Date: 19th October 2016
In my rambling run through the websites and internet highways of Scottish football, occasionally I come across a wee nugget of personal news that makes the sport that much more appreciated. Having supported my own team since 1973, and not being able to claim continuous support apart from famine and family events, I comprehend the clear sacrifice and dedication that comes from supporting your team adult and child from an early age. This week I noticed that one such supporter at a tender age – her 90’s – had witnessed her last game at Hampden.

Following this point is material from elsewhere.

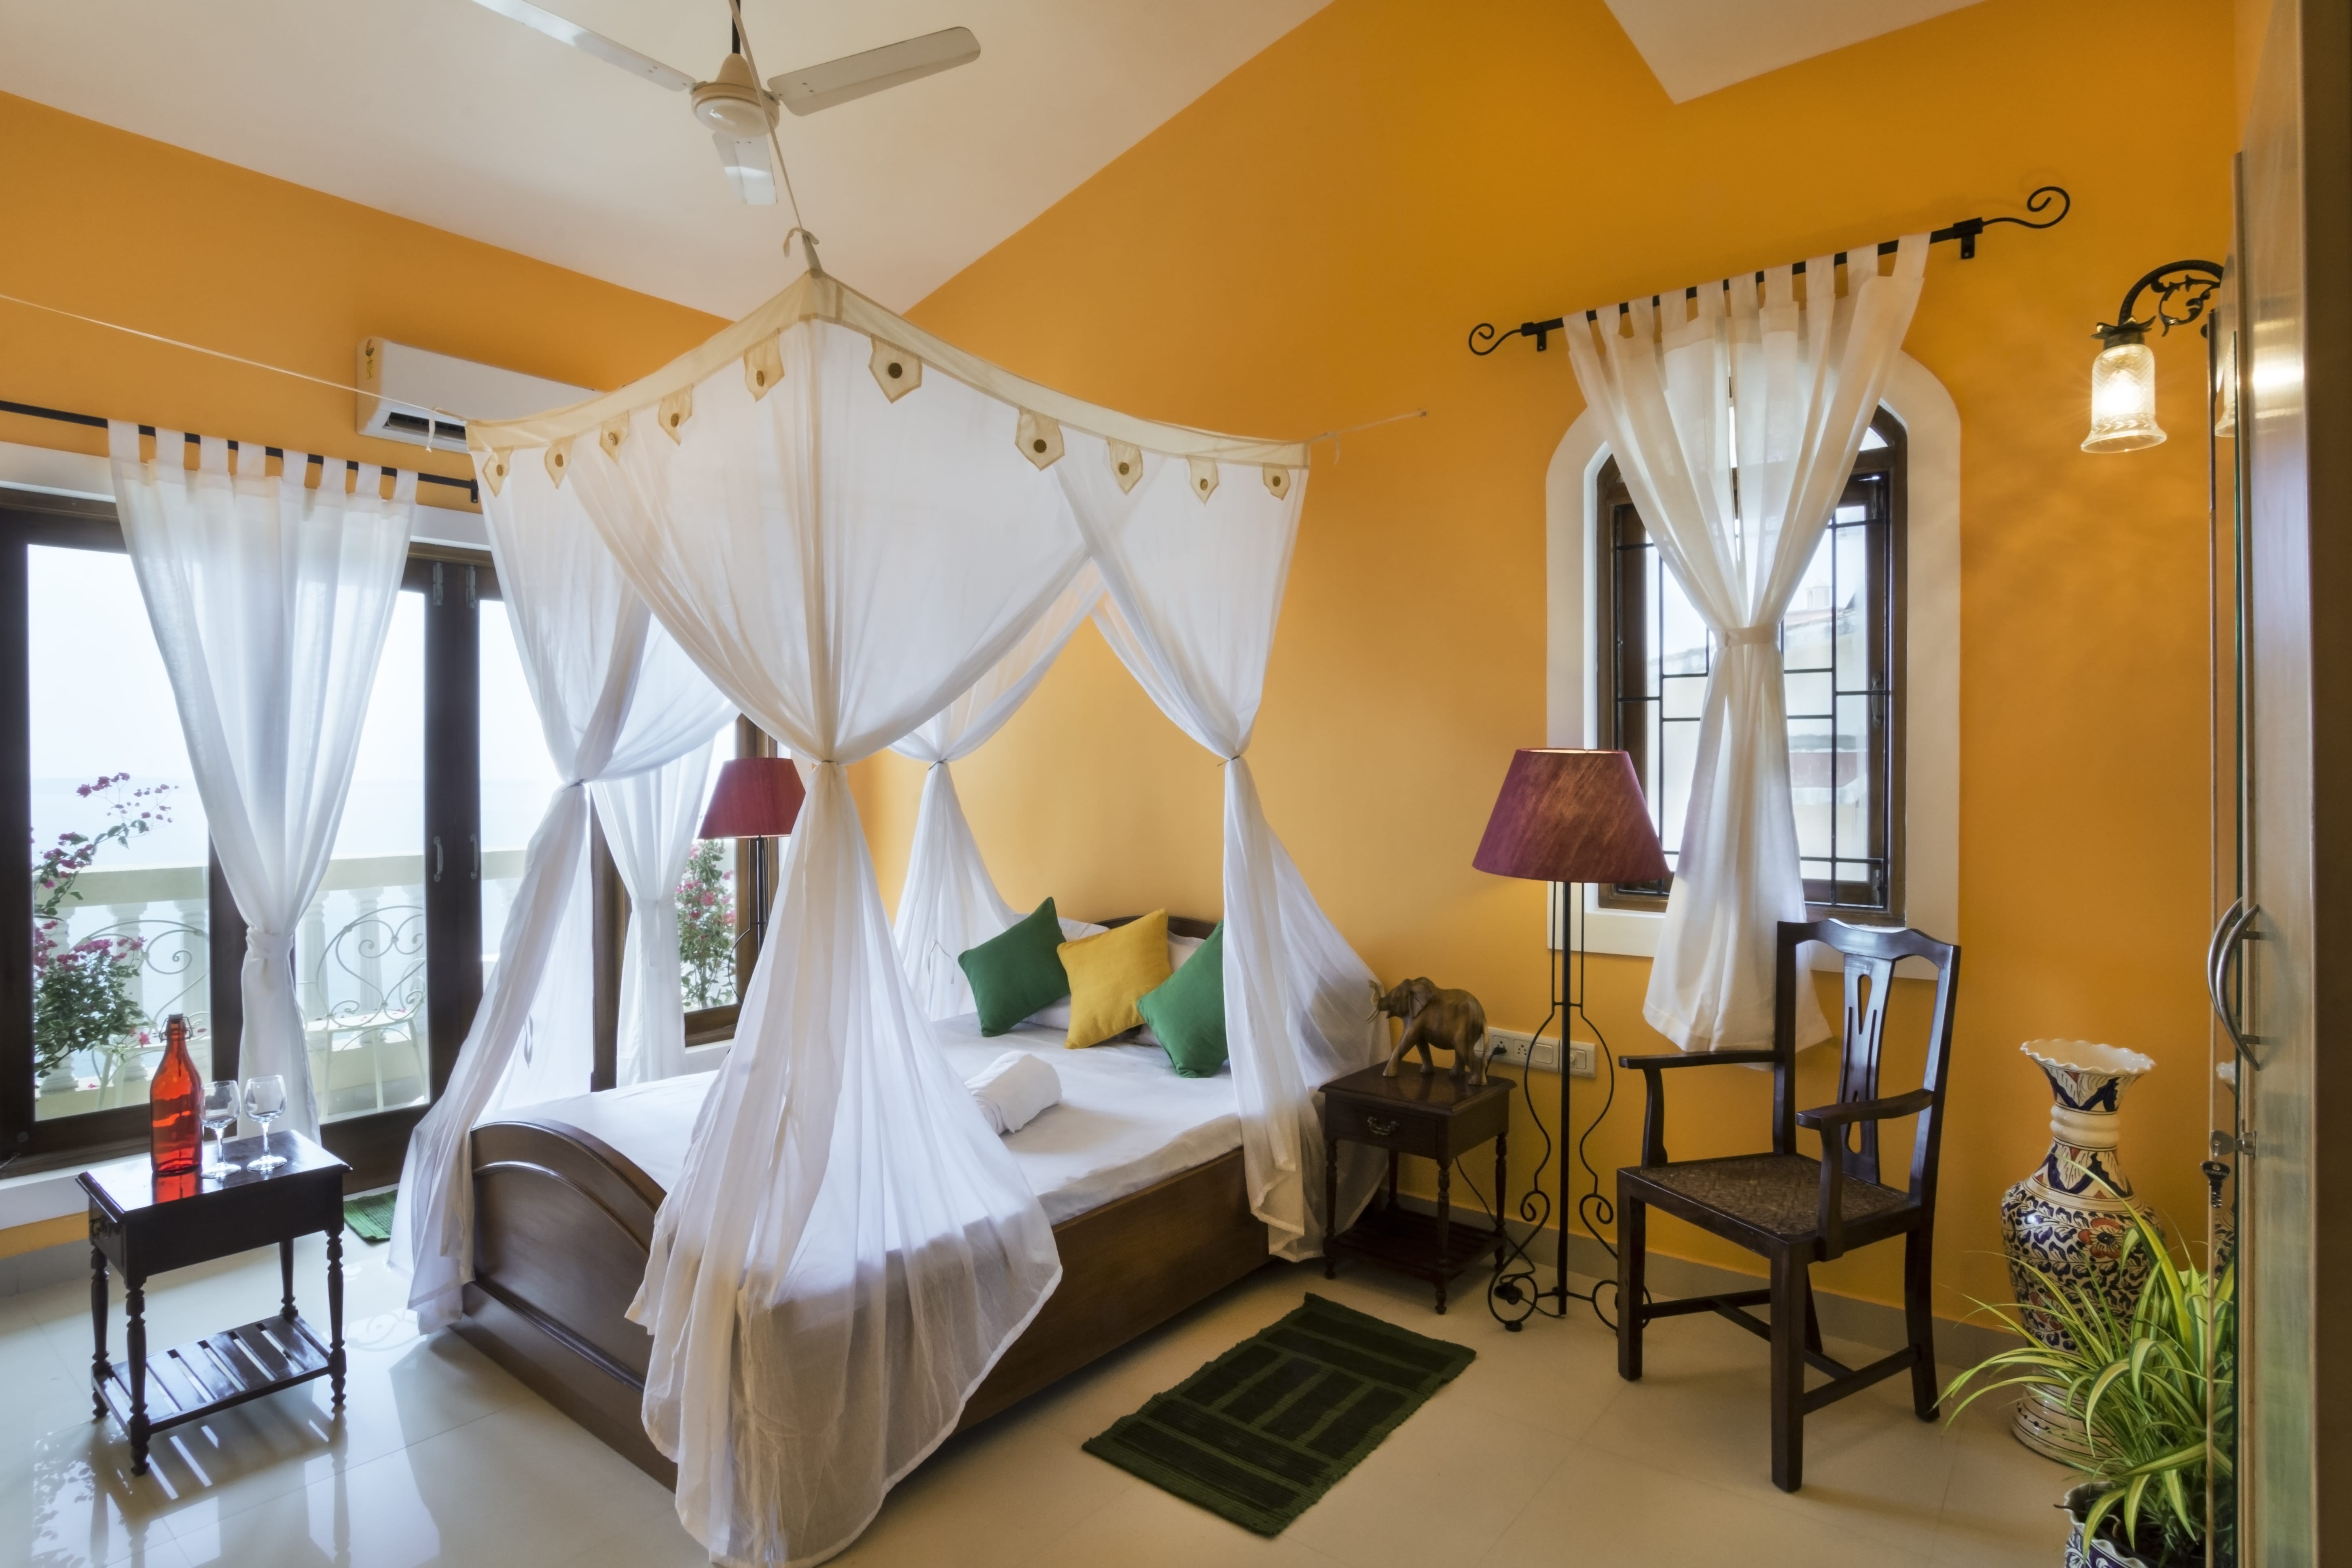 Holiday Homes in Goa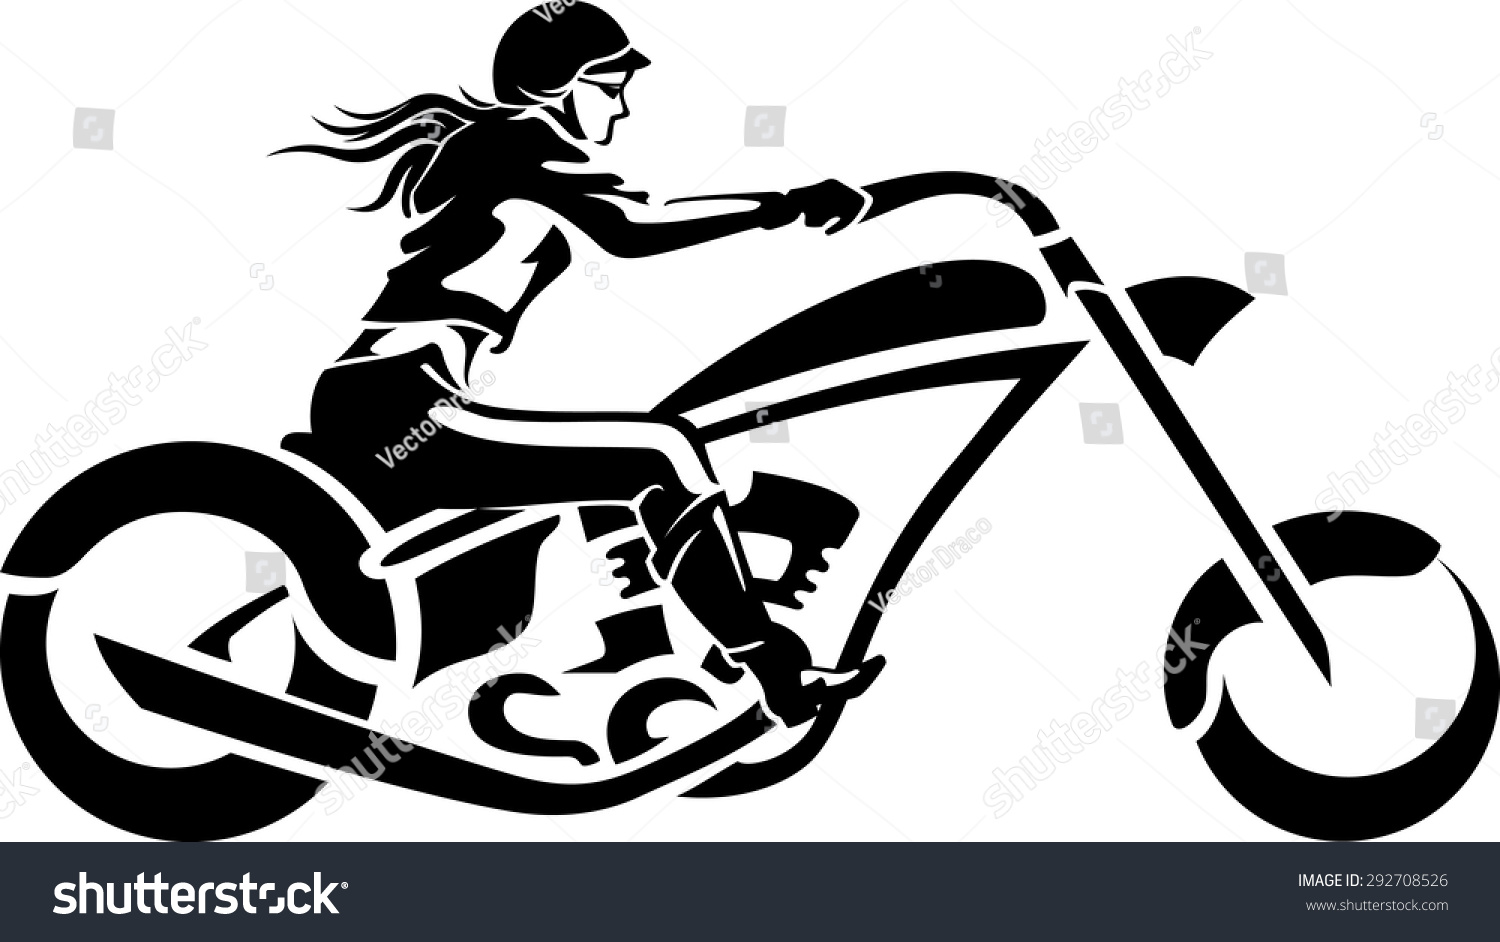 motorcycle clipart vector - photo #33

With the other sport that I studiously follow – boxing – it too has also had to grapple with the issue of mortality. The death of Dundee boxer, Mike Towell, has once again thrust a spotlight on the sport in a way that is always unwelcome. It is a pugilistic art that requires people to try and hurt each other – at least in football that can usually only be an unfortunate by product of over zealous defending.
It was with this in mind that I saw the report of Queen’s Park 1-0 win against East Fife at the weekend. Their intrepid reporter mentioned the following “Looking down from the Press benches, everything seemed as normal. It was only when you turned and looked towards the Millennium Lounge that you realised there was something missing.
The remarkable Ivy Riddell has followed the Spiders for more than 70 years. As she entered her 90s, three years ago, she was still travelling around the country to watch her team.
That dedication meant we already knew we would never see her likes again; her sad passing this week means we will not even have the pleasure of seeing the lady herself again.”
Now sad that I may be but I do trawl through all the SPFL lower league websites on a regular basis. Whilst those websites in the upper echelons of the game have much news about international signings, why they can’t get past the qualifying stages of their European adventures or justifications over the latest set of accounts, the lower leagues often have simpler fare. Their websites, often run by volunteers often have longer match reports, more in depth – almost – supportive articles and opportunities to delve into the fan base in a very positive manner. This was just such an example of how the club, through its fans were embracing its fans.
Of course there are many Mrs Riddell’s at many SPFL grounds throughout Scotland – including in the Premiership. Their passion for their club often not matched by their club’s insistence they are a business. The core and heart of their livelihood comes though with keeping Mrs Riddell in her seat; and by the way the product on the park is not what keeps her coming back. Had that been the case then at some point during the demise of their fortunes which by the late 19th Century, just a few decades before her birth, saw them start to stumble and fall from being cup winners. We are all fed on past glories and the desire to emulate them. I am sure Mrs Riddell would have turned her back had she felt the product did not match her or her wiser and older supporter’s ambitions.
The answer to keeping supporters in our seats – in the stands and on the buses – is, I believe, far more complex and difficult than could be imagined by those who lack sufficient imagination to grasp what needs to be done to save the game. Mrs Liddell shall be laid to rest on the 21st October 2016. Our game continues to breathe life into fallacies that we only need to find a magic formula and not just listen to those whose seats are still warm from the joys and despair of following our community on the park. RIP Mrs Ivy Liddell.